Fantastic! I'll find a time later this week for us to discuss where to start, and how to proceed.

danielballan commented 1 year ago

Follow-up thoughts here:

  1. We already plan to add a route for accessing underlying files, discussed in #473, something like /asset/{id}. The route we want for this issue has the same meaning: "Get me the underlying file." It should probably be the same route.

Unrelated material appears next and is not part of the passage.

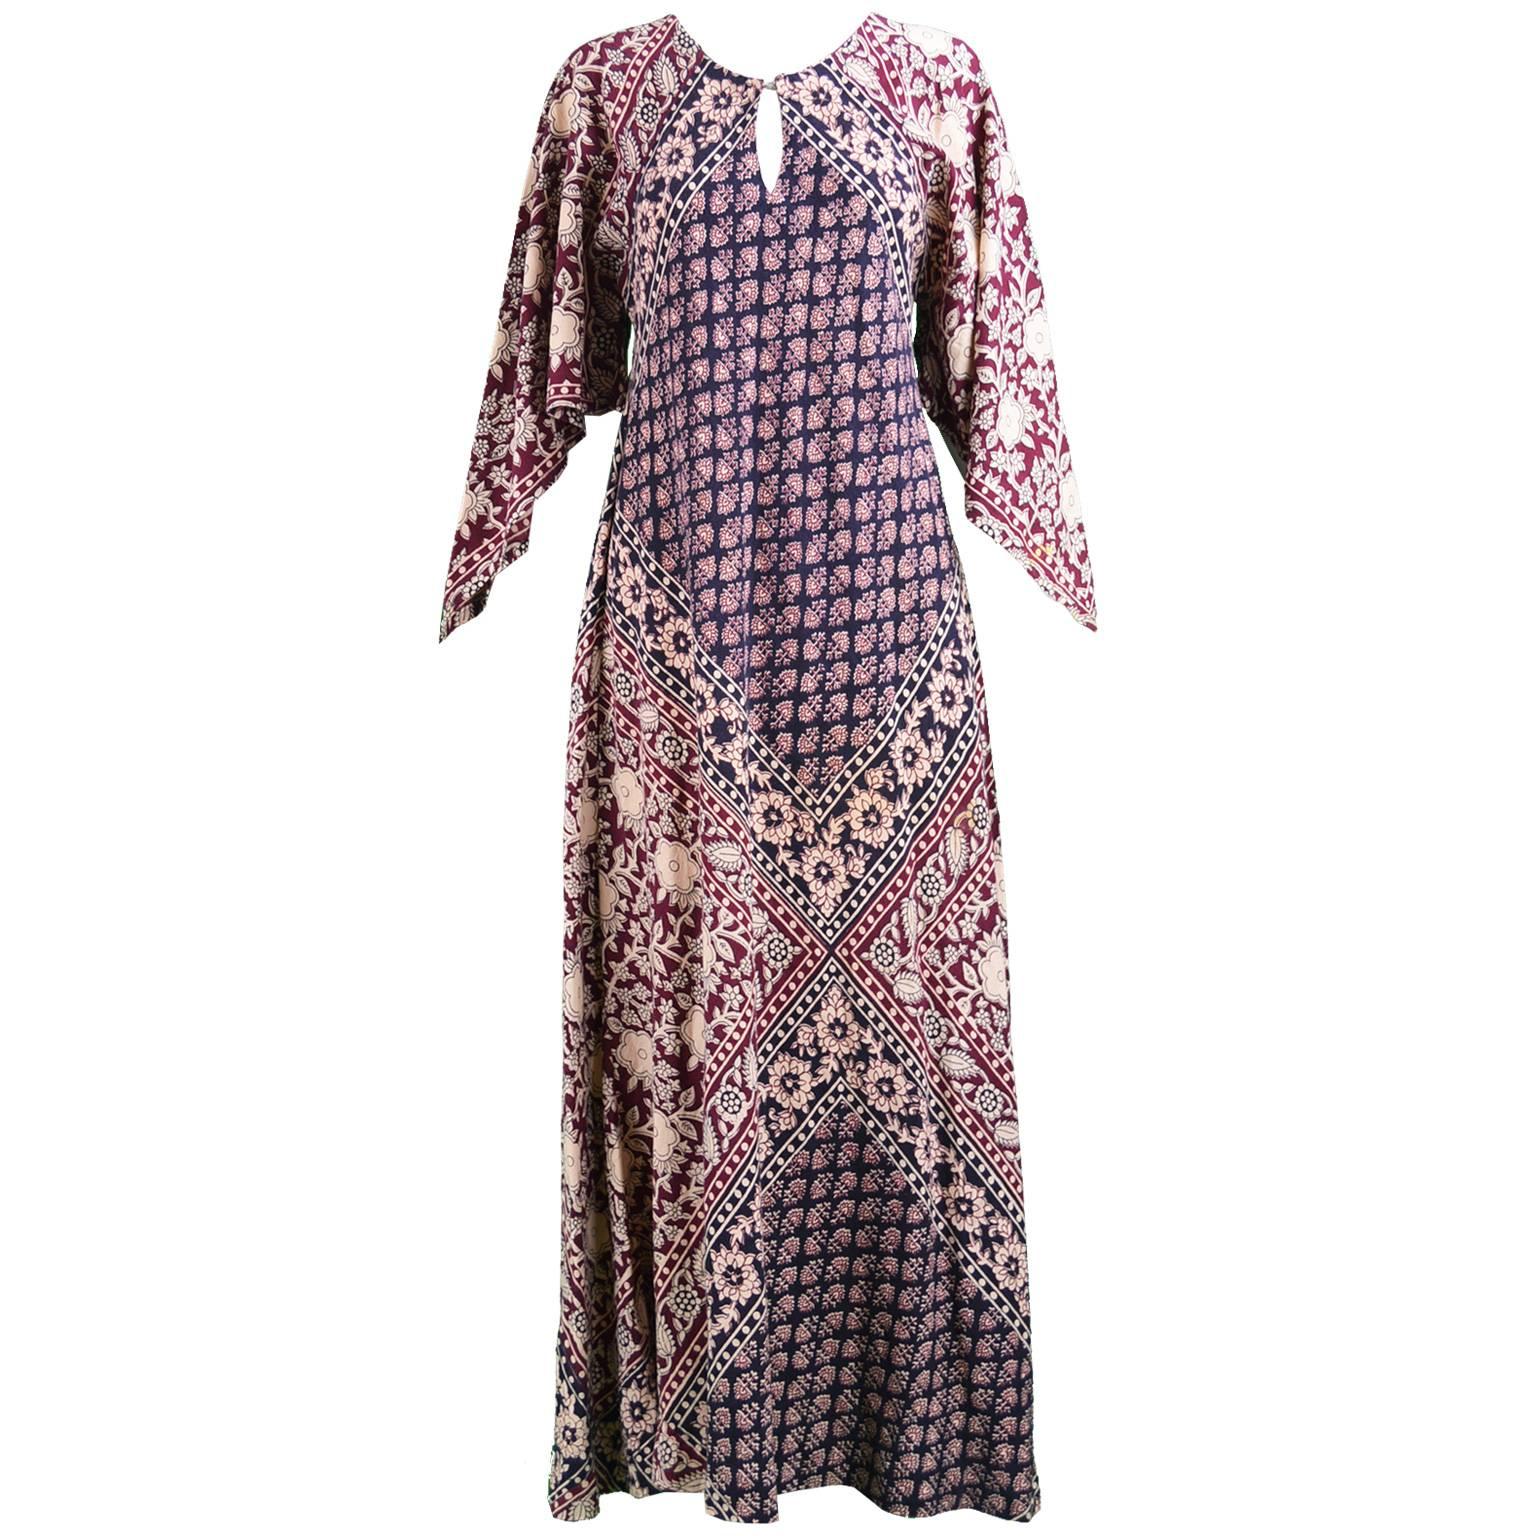 Vintage 1970s Indian Cotton Maxi Kaftan Dress with Pointed Angel Sleeves

  2. Keeping in mind the rule, "Illegal or nonsensical states should be unrepresentable, I think we may not want to put the mimetype in the structure because it's already in the data_source:

    $ http :8000/api/v1/metadata/example?show_sources=true 'Authorization:Apikey secret' | jq .data.attributes.data_sources
    [
    {
    "id": 2,
    "structure": {
      "data_type": {
        "endianness": "little",
        "kind": "i",
        "itemsize": 8
      },
      "chunks": [
        [
          3
        ]
      ],
      "shape": [
        3
      ],
      "dims": null,
      "resizable": false
    },
    "mimetype": "application/x-zarr",
    "parameters": {},
    "assets": [
      {
        "data_uri": "file://localhost/tmp/tmpp0dp686u/data/example",
        "is_directory": true,
        "id": 2
      }
    ],
    "management": "writable"
    }
    ]

And there is space for a size under "assets". It's in the SQL database, just not exposed in the API yet. Maybe better to just refer to those as the truth and let the structure be null, same as it is for "container" structure family.

  1. This work will probably overlap a bit with #521 and should be loosely coordinated with it.